**WHAT YOU WILL DO**
Go through the data and report each line that holds the string "Baby".

**DATA**
● ● ● ● ● ● ●
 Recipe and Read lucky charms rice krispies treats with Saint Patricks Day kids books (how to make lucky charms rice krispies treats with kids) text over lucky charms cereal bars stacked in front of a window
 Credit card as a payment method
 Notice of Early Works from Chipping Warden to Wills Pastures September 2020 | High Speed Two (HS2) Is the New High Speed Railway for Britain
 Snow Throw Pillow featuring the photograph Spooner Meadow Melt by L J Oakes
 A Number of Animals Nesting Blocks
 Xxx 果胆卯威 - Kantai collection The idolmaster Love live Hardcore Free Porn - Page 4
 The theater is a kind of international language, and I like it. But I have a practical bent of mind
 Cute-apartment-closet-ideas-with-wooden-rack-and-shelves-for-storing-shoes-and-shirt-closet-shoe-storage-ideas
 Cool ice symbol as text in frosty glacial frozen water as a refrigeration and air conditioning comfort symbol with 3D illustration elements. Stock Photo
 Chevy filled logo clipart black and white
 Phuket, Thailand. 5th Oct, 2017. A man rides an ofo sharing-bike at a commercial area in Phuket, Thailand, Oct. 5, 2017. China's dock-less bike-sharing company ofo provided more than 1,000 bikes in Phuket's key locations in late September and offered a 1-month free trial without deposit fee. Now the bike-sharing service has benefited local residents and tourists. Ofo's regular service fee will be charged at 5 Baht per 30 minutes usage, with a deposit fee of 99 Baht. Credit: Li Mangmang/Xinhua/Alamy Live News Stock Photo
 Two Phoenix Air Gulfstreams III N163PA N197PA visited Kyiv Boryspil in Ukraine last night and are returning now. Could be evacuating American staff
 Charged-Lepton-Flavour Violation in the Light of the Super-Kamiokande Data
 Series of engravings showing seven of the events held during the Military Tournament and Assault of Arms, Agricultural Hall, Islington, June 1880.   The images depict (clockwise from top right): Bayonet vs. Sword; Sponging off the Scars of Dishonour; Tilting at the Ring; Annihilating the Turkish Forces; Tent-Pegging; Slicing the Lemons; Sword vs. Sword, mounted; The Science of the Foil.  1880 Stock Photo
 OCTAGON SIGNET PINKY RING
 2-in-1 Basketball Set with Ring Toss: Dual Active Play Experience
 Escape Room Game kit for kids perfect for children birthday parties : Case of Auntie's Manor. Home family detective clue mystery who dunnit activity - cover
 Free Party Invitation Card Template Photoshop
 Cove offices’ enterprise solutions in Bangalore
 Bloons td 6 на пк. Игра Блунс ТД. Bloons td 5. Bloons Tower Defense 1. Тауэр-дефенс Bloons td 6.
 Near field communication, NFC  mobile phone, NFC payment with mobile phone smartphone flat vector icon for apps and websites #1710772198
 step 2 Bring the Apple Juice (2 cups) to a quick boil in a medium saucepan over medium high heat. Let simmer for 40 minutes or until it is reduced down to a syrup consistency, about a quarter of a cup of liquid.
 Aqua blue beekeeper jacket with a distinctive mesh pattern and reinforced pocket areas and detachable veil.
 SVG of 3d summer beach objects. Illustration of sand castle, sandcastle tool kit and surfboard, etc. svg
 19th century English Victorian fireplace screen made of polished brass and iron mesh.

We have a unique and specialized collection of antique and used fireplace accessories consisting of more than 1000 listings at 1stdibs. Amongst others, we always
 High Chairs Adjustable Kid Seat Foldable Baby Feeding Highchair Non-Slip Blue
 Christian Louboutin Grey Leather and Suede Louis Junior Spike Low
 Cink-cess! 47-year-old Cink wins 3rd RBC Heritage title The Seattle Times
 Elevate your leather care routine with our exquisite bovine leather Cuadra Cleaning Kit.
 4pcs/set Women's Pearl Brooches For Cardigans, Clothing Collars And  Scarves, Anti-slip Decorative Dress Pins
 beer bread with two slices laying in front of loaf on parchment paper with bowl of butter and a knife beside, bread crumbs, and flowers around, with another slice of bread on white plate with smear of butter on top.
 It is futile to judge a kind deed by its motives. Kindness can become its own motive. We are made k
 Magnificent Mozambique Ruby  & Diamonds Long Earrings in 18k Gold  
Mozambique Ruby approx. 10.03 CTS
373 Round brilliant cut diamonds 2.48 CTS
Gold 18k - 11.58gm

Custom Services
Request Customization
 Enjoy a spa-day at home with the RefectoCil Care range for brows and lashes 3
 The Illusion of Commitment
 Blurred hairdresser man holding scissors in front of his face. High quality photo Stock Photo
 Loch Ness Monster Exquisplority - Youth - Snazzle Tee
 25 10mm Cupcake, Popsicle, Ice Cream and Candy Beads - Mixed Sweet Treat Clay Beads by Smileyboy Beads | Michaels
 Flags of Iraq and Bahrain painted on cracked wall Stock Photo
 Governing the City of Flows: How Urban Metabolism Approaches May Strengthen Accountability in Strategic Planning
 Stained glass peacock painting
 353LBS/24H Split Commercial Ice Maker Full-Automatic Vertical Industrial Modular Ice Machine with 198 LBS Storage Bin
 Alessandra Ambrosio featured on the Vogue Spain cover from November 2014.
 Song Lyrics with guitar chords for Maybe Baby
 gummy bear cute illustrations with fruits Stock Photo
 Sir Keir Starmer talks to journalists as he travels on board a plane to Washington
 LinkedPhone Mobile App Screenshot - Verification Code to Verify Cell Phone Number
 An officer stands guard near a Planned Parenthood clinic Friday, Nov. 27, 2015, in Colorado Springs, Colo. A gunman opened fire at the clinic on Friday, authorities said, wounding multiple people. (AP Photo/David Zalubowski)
● ● ● ● ● ● ●
**ANSWER**
 High Chairs Adjustable Kid Seat Foldable Baby Feeding Highchair Non-Slip Blue
 Song Lyrics with guitar chords for Maybe Baby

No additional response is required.